09. GM Weeknotes 22 & 29 Oct‘21📅

Gabby Morris
7 min readNov 4, 2021

--

Hello, Welcome, this is a bumper week! 👋

If you want to catch up on previous weeks start over here. If this is your first time reading my weeknotes, welcome! If not thanks for coming back.

My weeknotes might be slowly morphing into fortnightly-notes as I have been struggling to find the time each week to write them! So this week is a bumper weeknotes from the last two weeks. It has been useful to reflect even over a longer period of time and it’s great to see achievements come together.

Current Projects💻

Future Experiences (Uni)

In this project you will explore and design speculative future worlds and experiences of symbiotic communities of practice leading towards sustainable and equitable health, well-being and care for people and the planet in ten years’ time.

w/e 22nd October

This project officially kicked off 3 weeks ago, here was the initial update.
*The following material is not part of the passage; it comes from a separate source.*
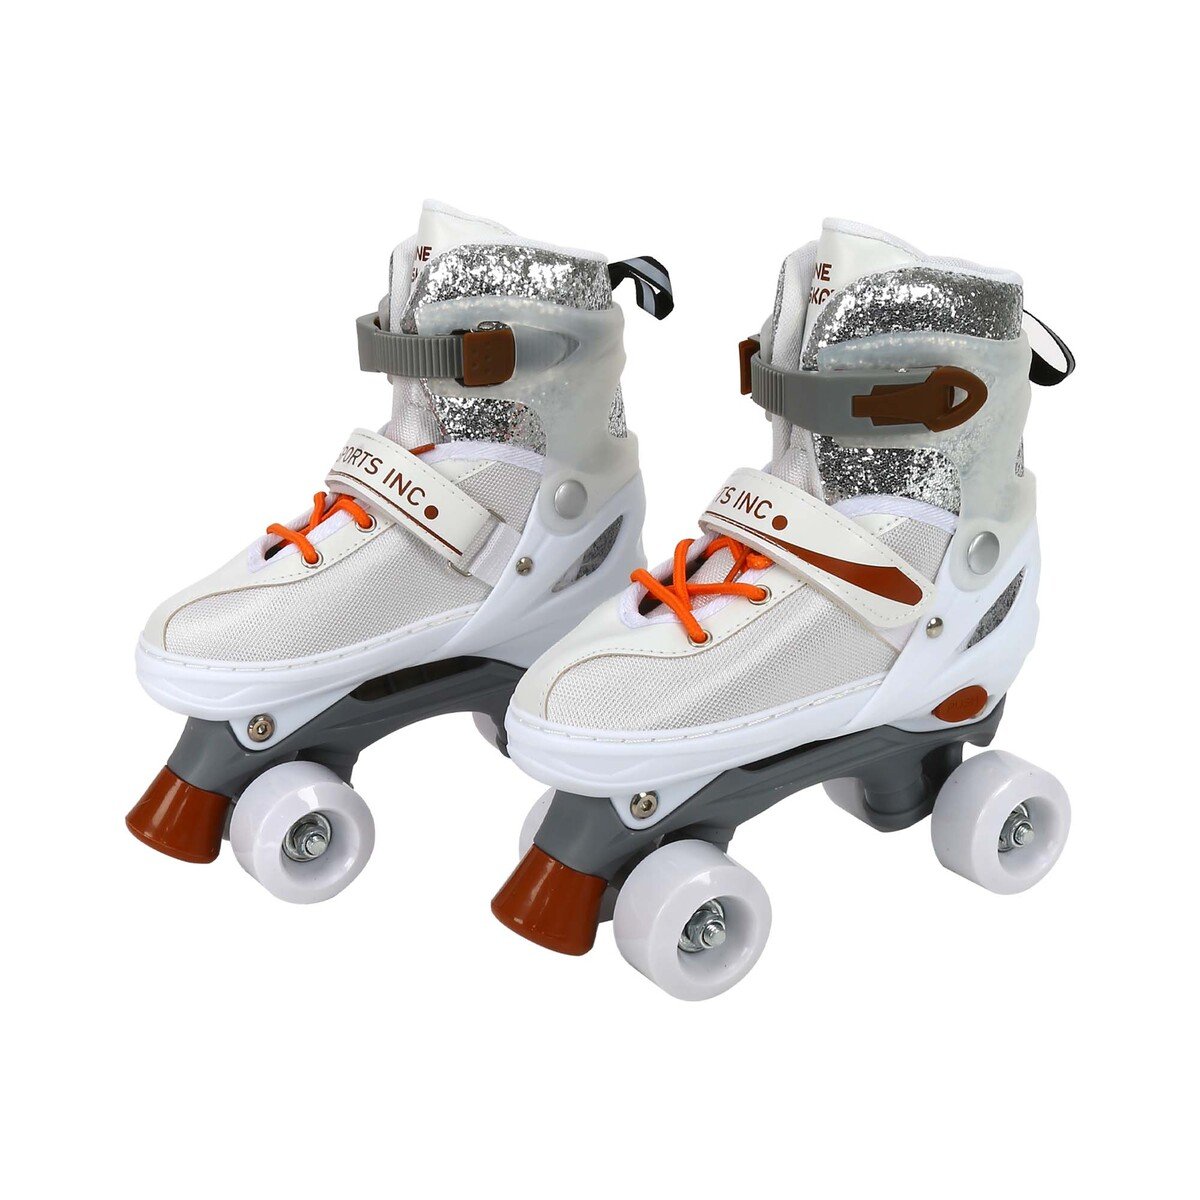 Sports Inc Skate Shoses, S M 821

Future Experiences is a 12 week project, focused on Health, Wellbeing and Care in 2031 with a life-centred, symbiotic lens! My particular “lab” is Care, my “domain” is people and then I am focused on Symbiosis.

This week as a group we focused on the future and did a workshop with Studio Goodd run by Brian Proudfoot. This helped us to start exploring our worlds, designing artefacts for them and thinking about what 2031 might be like.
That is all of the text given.